Context tokens shape (batch, s): (16, 83)
Target history tokens shape (batch, t): (16, 92)
Logits shape (batch, t, vocab_size) (16, 92, 4000)


2024-09-10 22:25:50.110662: I tensorflow/core/framework/local_rendezvous.cc:404] Local rendezvous is aborting with status: OUT_OF_RANGE: End of sequence


In [23]:
model.summary()

To avoid penalizing masked outputs, we use a custom loss function (see the tutorial):

In [24]:
base_loss_fn = tf.keras.losses.SparseCategoricalCrossentropy(from_logits=True, reduction='none')

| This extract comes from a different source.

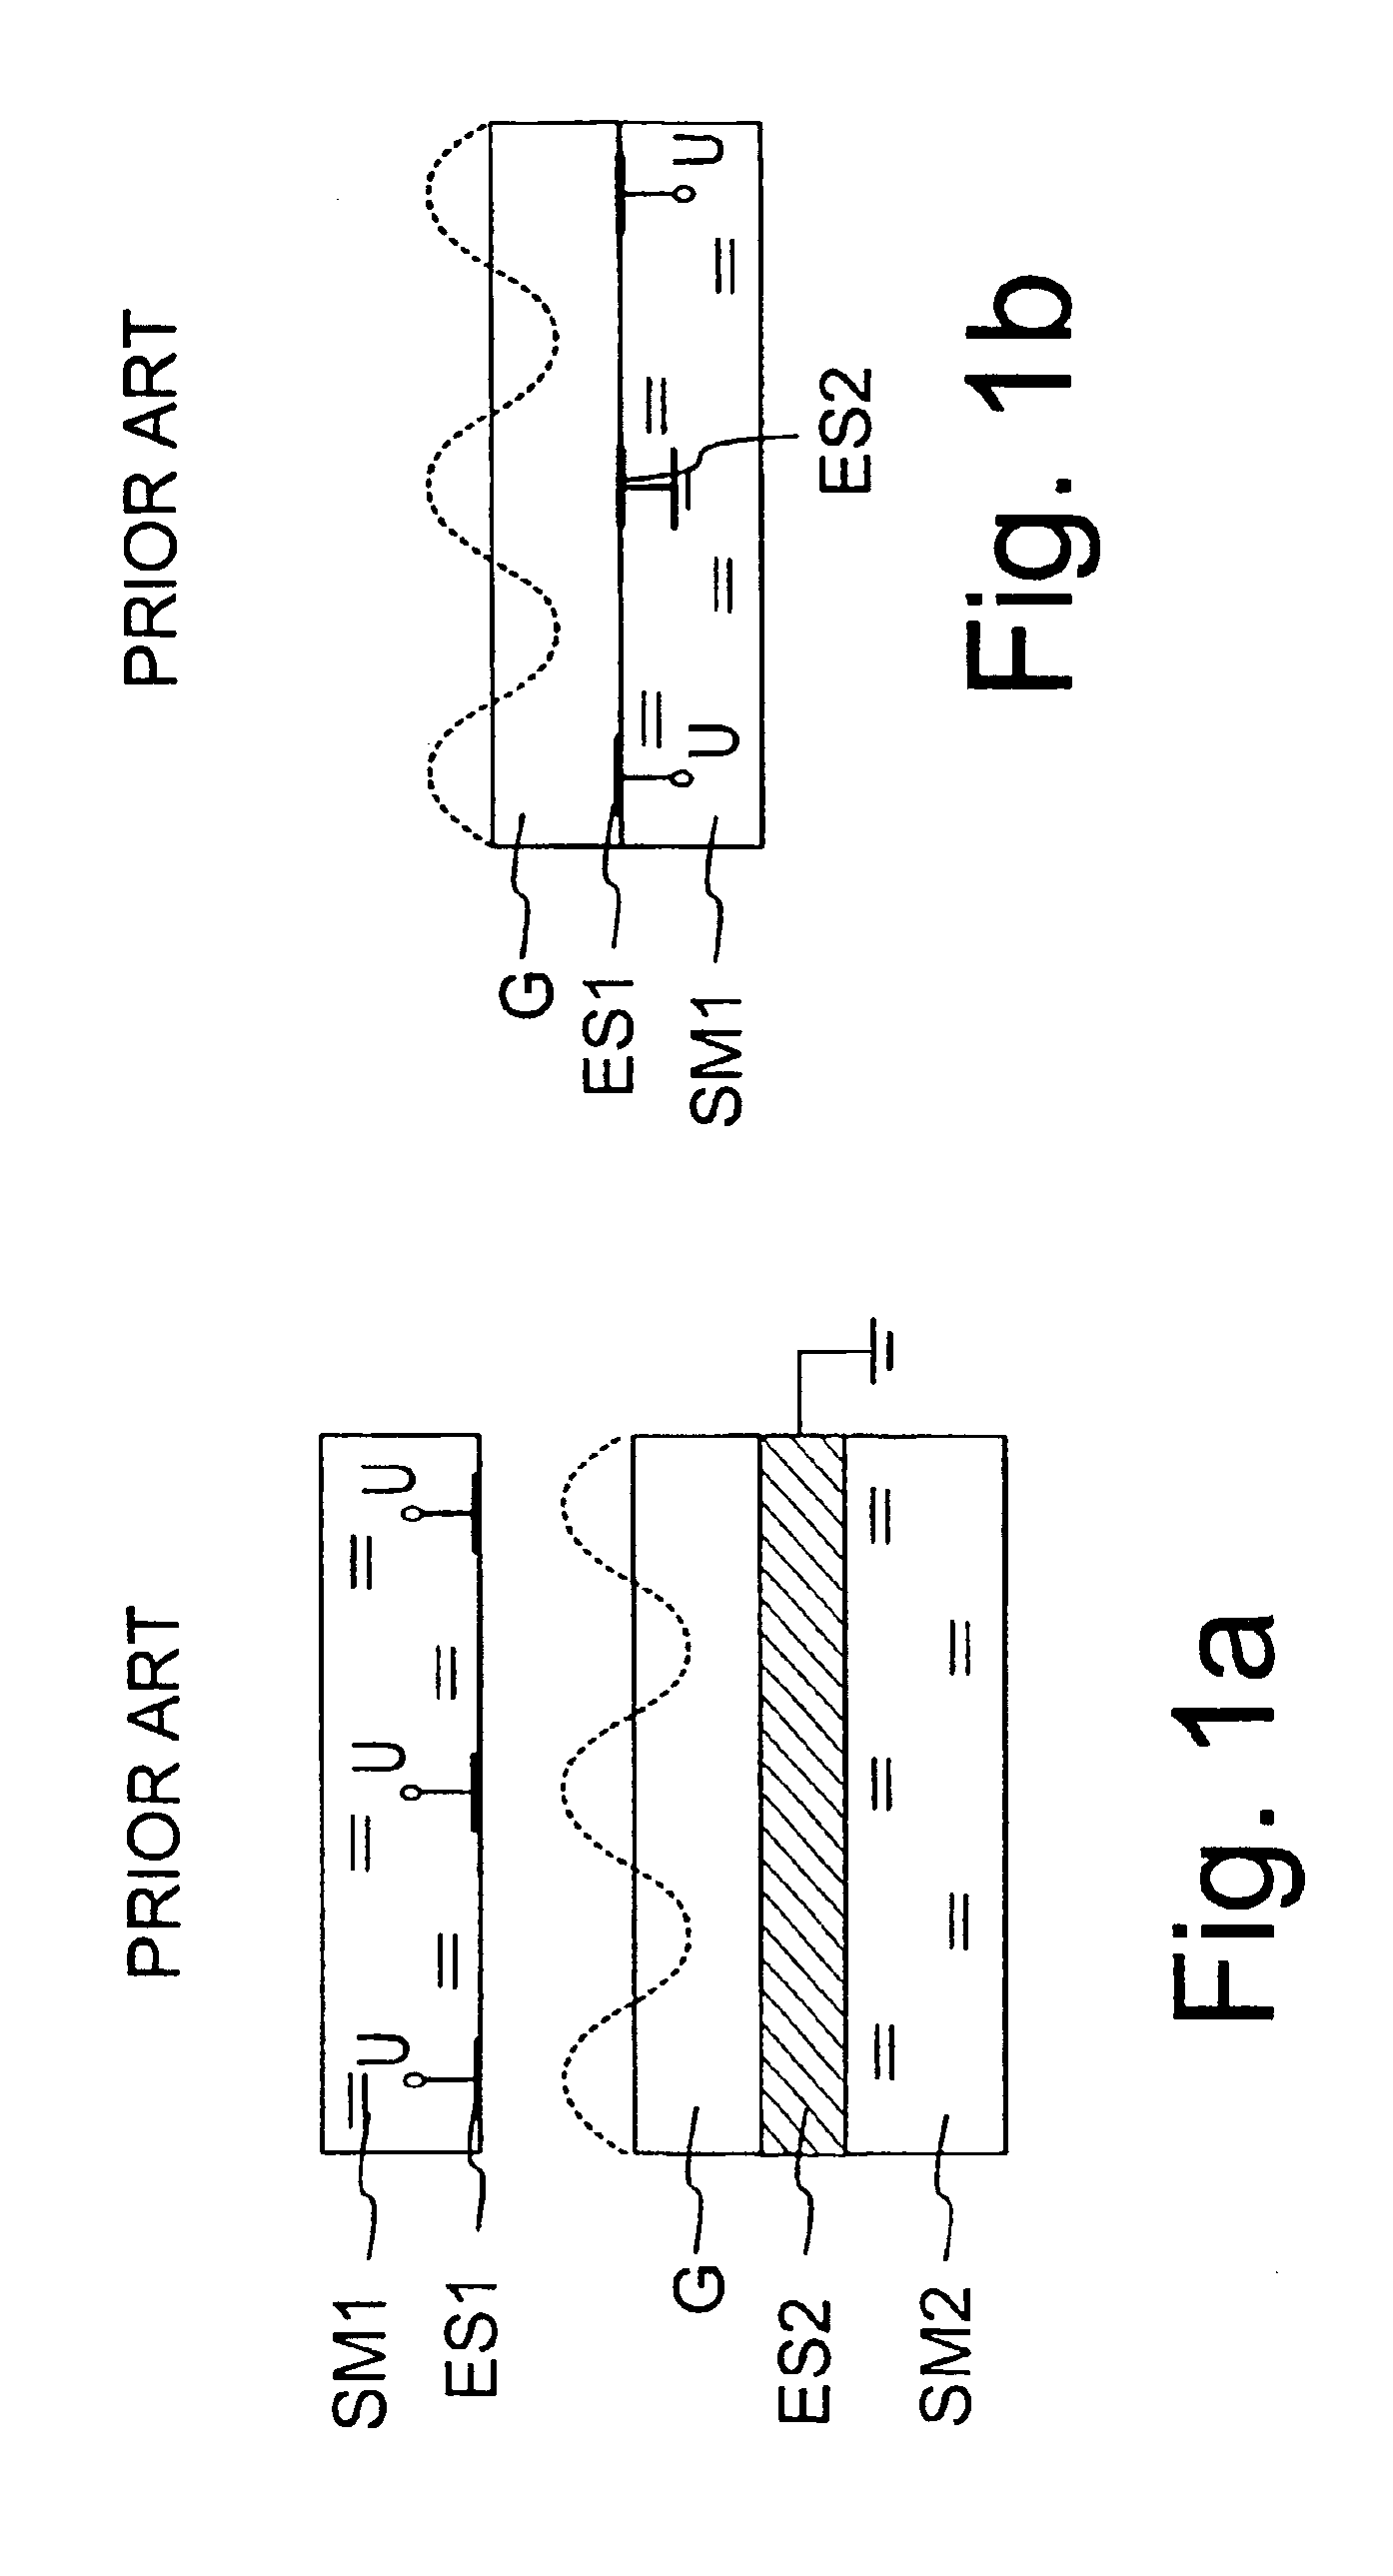 Electrically reconfigurable optical devices

def masked_loss(y_true, y_predict):
	loss = base_loss_fn(y_true, y_predict)
	
	unmasked = y_true != 0
	unmasked = tf.cast(unmasked, loss.dtype)
	# Only consider output with a corresponding label.
	loss *= unmasked

	count_unmasked = tf.math.reduce_sum(unmasked)

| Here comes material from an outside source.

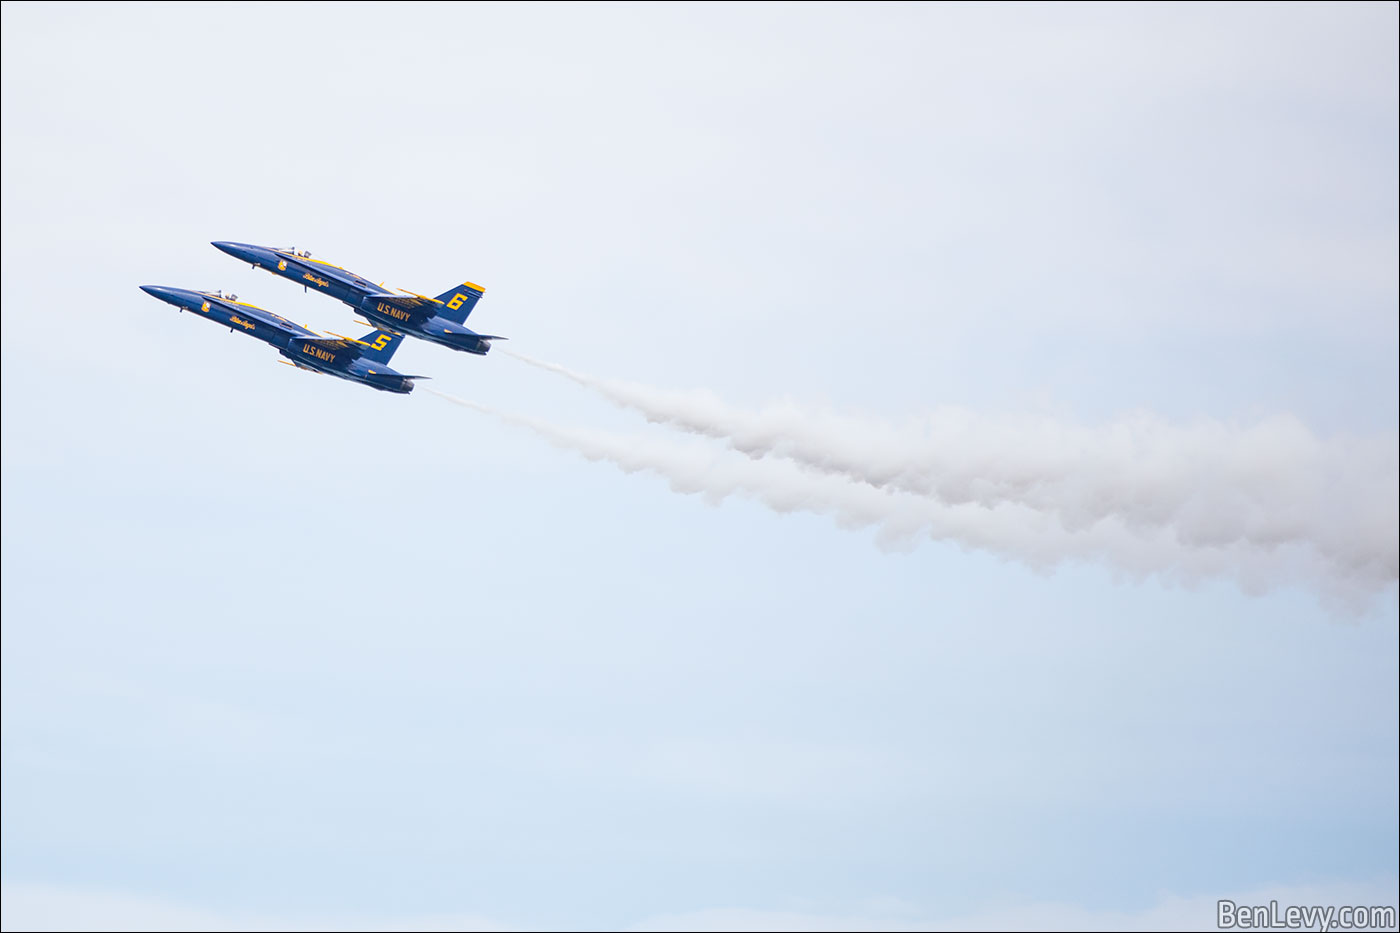 A pair of Blue Angels planes

	# reduce_sum: Adds all entries of a vector.
	return tf.math.reduce_sum(loss)/count_unmasked

In [25]:
def masked_accuracy(y_true, predict_logits):
	predicted_index = tf.math.argmax(predict_logits, axis=-1)
	predicted_index = tf.cast(predicted_index, y_true.dtype)

	match = tf.cast(y_true == predicted_index, tf.float32)
	unmasked = tf.cast(y_true != 0, tf.float32)
	count_unmasked = tf.math.reduce_sum(unmasked)

	return tf.math.reduce_sum(match * unmasked) / count_unmasked


In [26]:
#model.compile(optimizer='adam', loss=tf.keras.losses.SparseCategoricalCrossentropy(from_logits=True), metrics=[masked_accuracy, masked_loss])
model.compile(optimizer='adam', loss=masked_loss, metrics=[masked_accuracy, masked_loss])

In [27]:
print('From the tutorial:')
vocab_size = float(target_text_processor.vocabulary_size())

print('expected loss', tf.math.log(vocab_size).numpy())
print('expected accuracy', 1/vocab_size)

From the tutorial:
expected loss 8.294049
expected accuracy 0.00025


In [28]:
model.evaluate(dataset_validate, steps=20, return_dict=True)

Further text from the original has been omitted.